> Description of the task
Pictures stay out of the output. Return exactly the lines below from the one with "Evergreen Blend image" down to the one with "Child Care Worker Resume Fresh", both included, and nothing more.

━━━━━ Task data ━━━━━

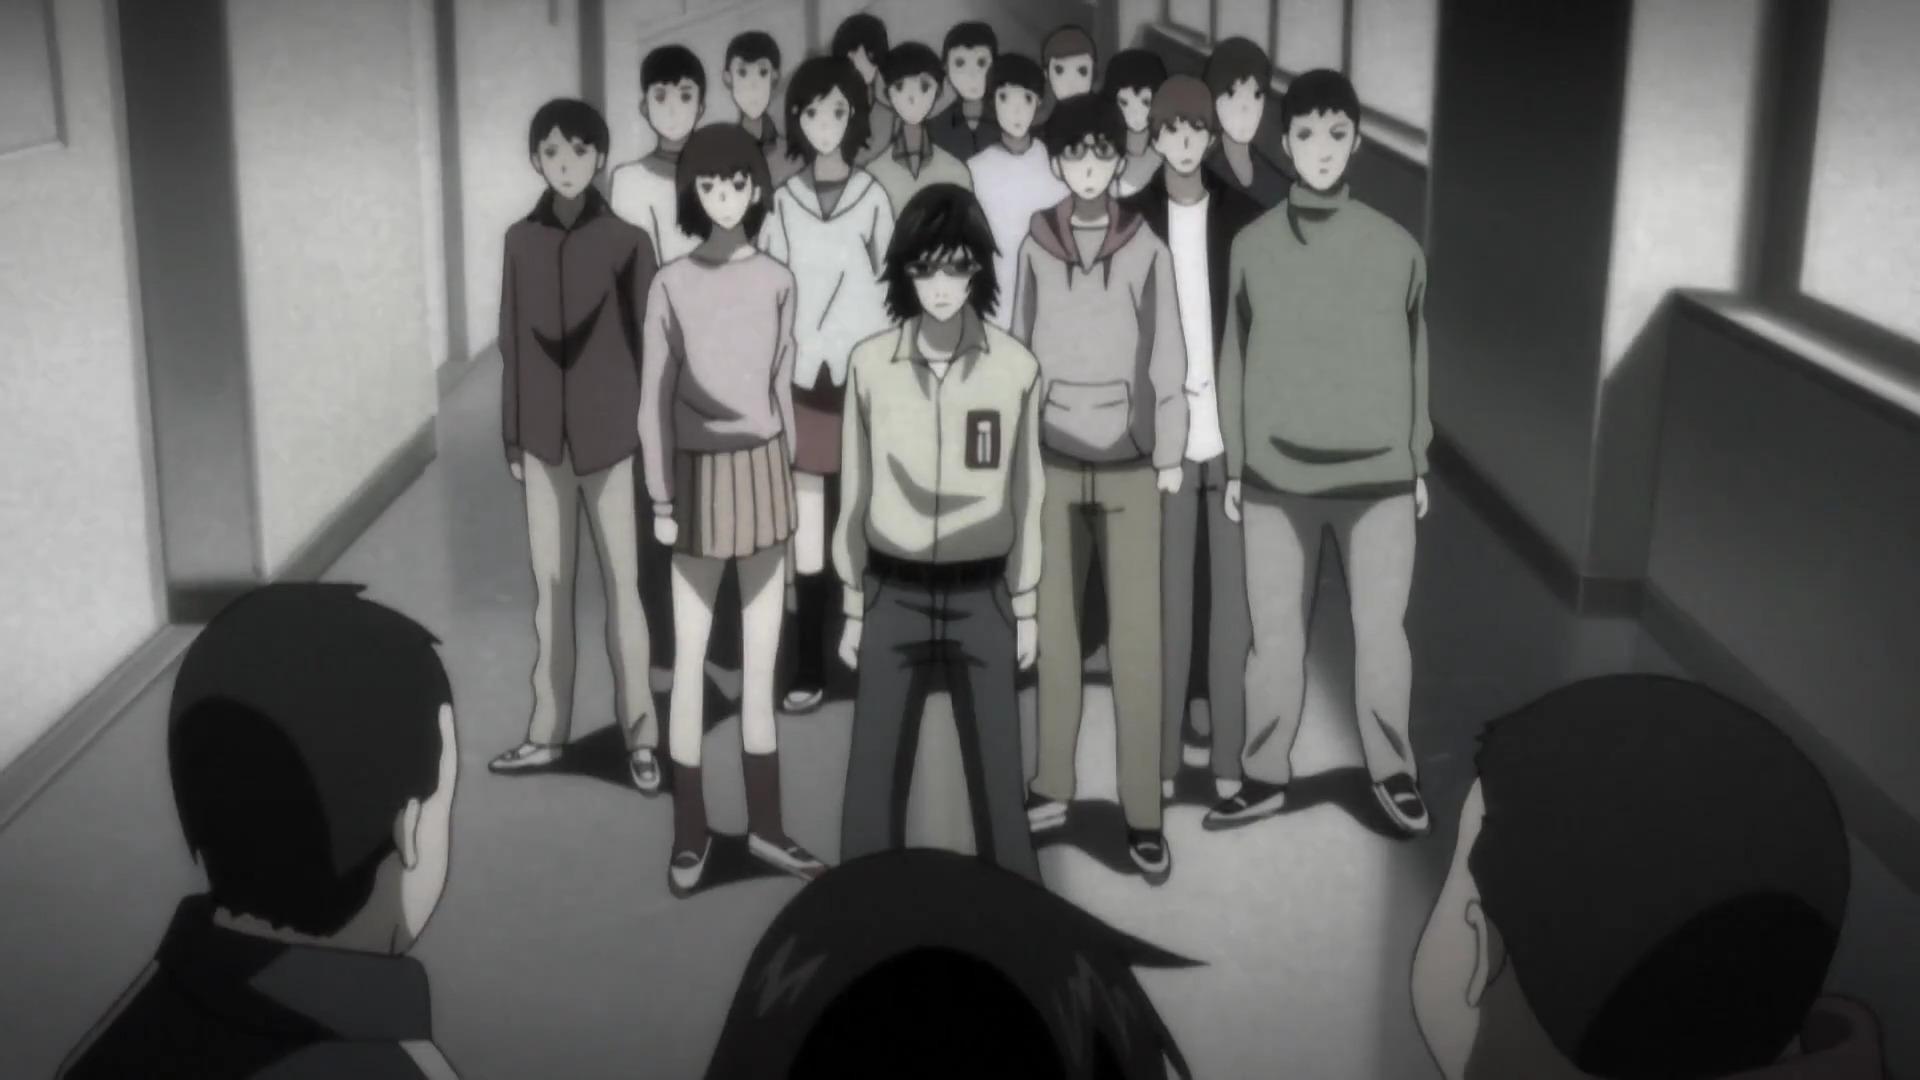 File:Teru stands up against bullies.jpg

━━━━━
━━━━━ Task data ━━━━━

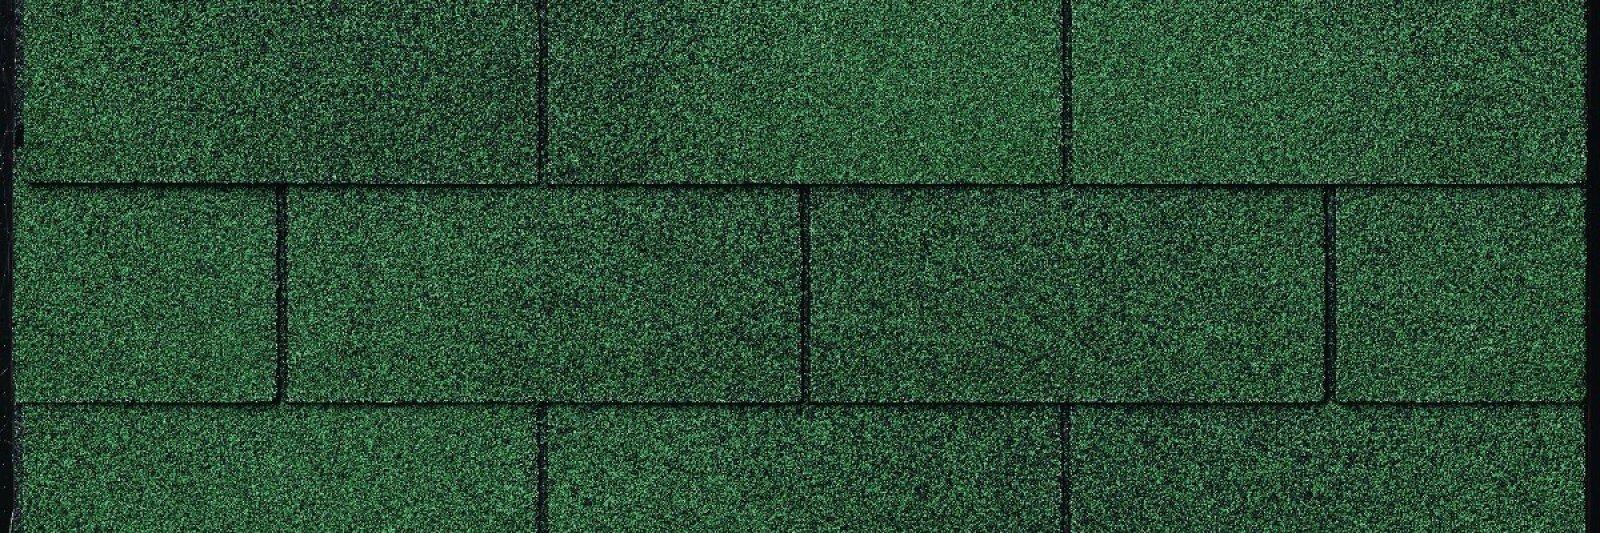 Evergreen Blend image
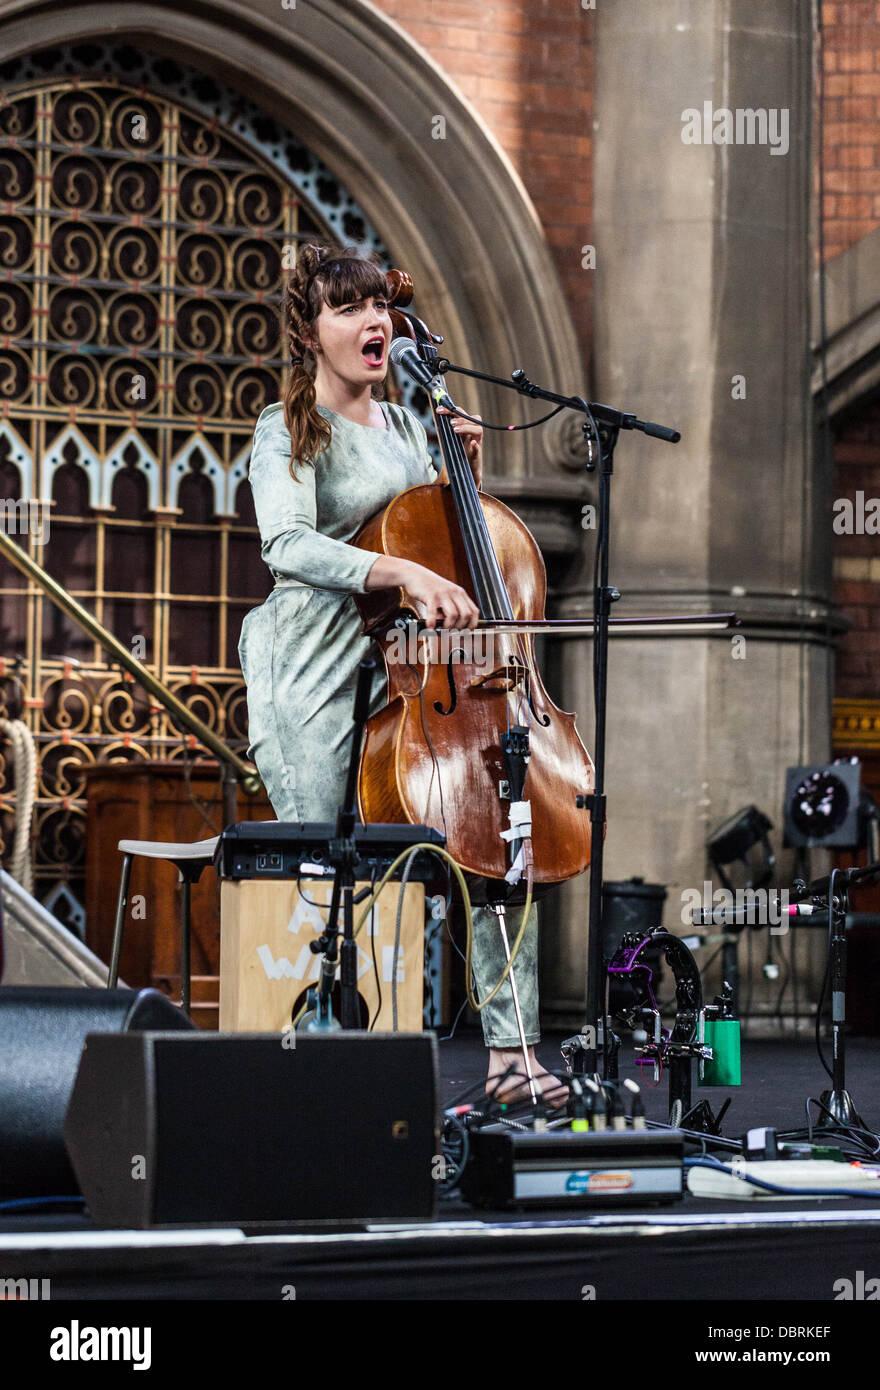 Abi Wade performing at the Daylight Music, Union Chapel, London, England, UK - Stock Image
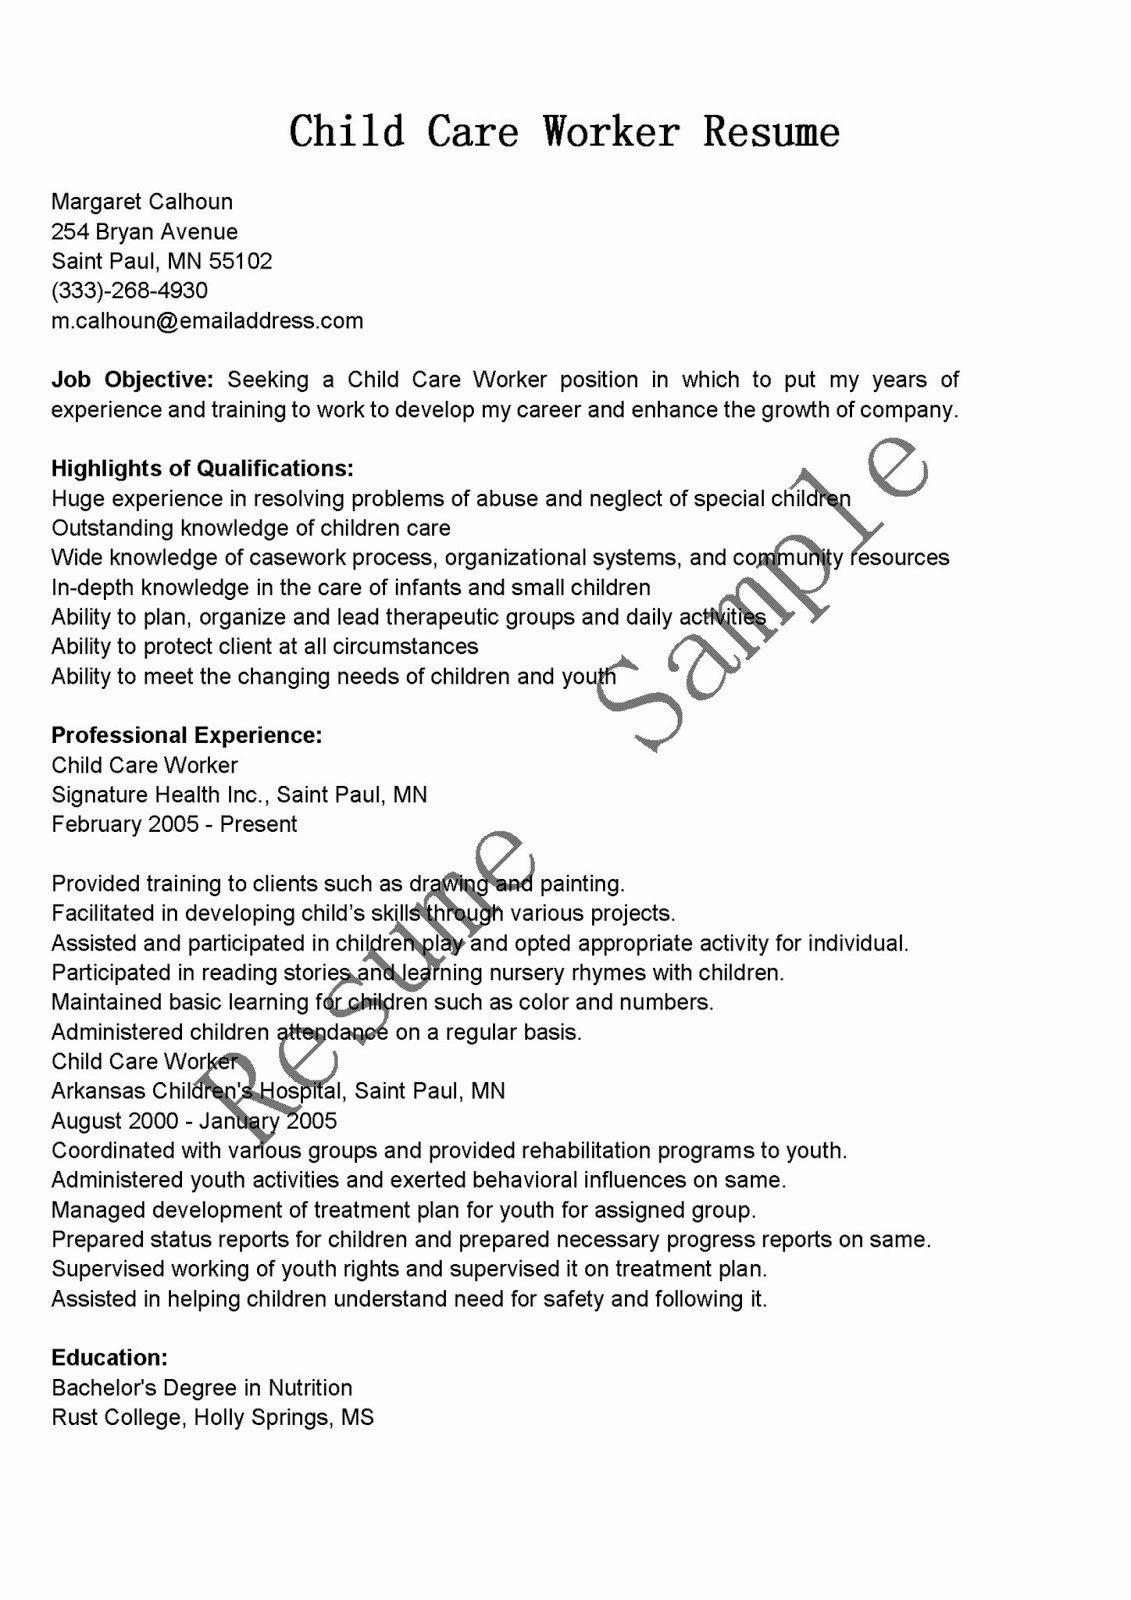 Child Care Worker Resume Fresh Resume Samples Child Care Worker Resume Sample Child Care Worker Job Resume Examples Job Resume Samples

━━━━━
━━━━━ Task data ━━━━━

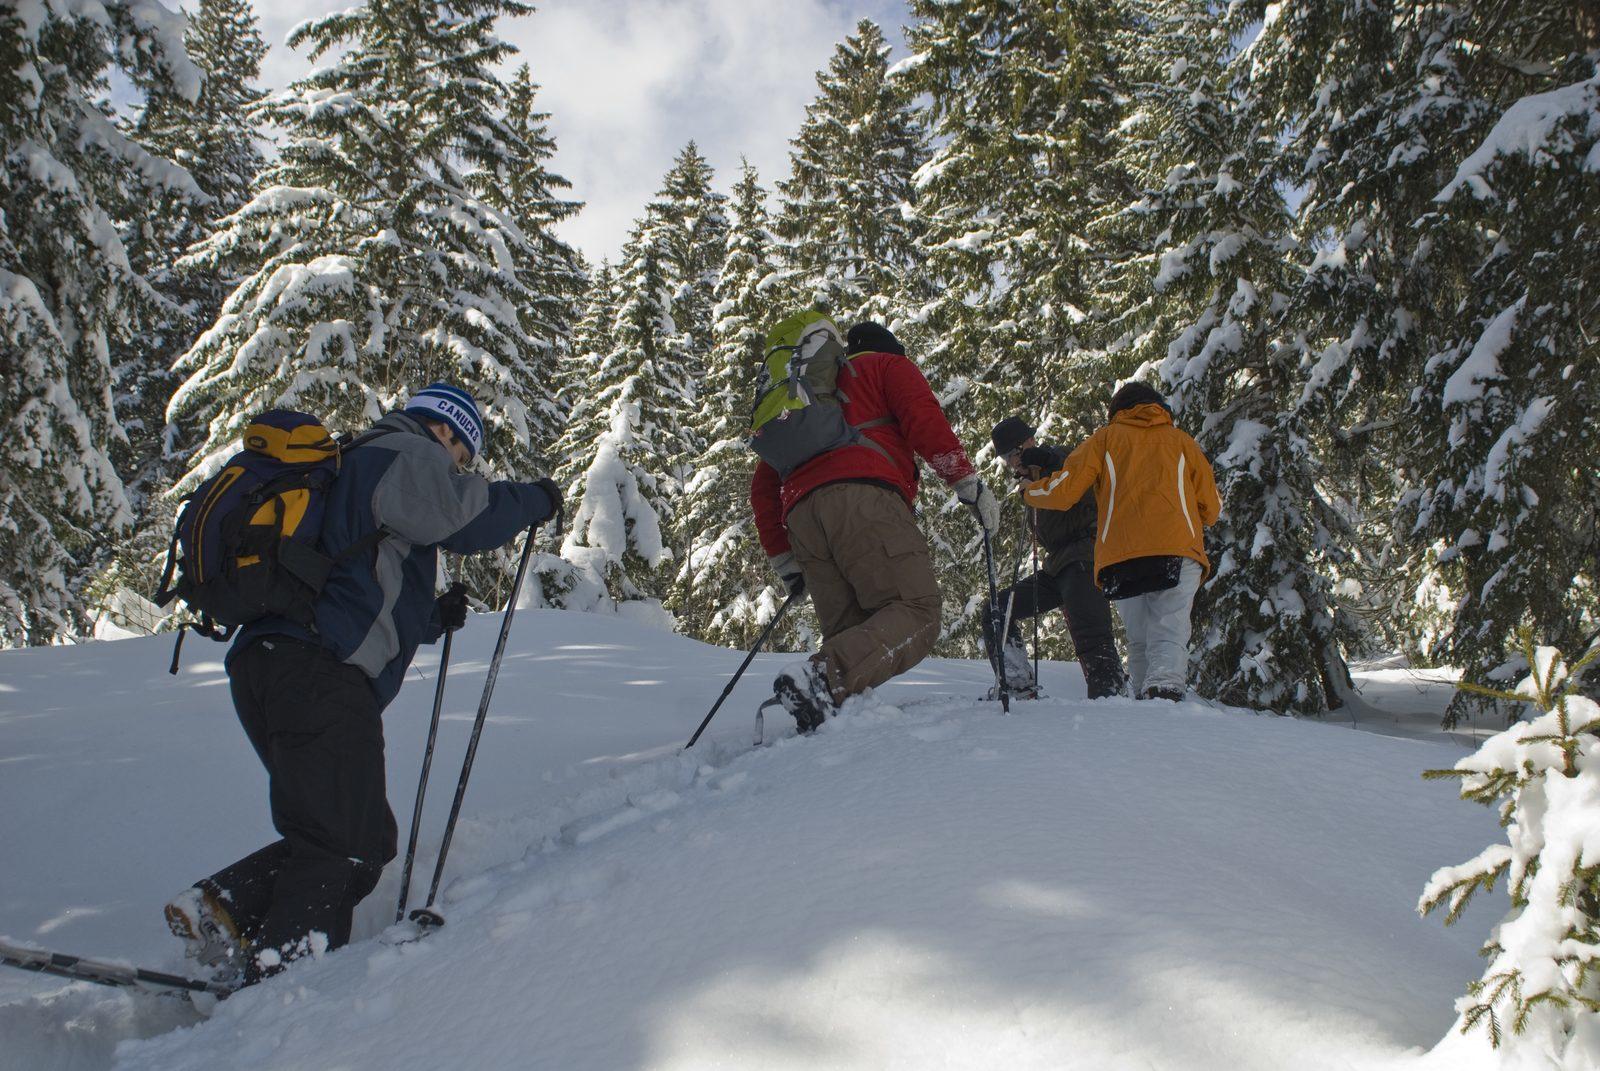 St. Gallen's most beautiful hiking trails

━━━━━

> Result of this exercise
 Evergreen Blend image
 Abi Wade performing at the Daylight Music, Union Chapel, London, England, UK - Stock Image
 Child Care Worker Resume Fresh Resume Samples Child Care Worker Resume Sample Child Care Worker Job Resume Examples Job Resume Samples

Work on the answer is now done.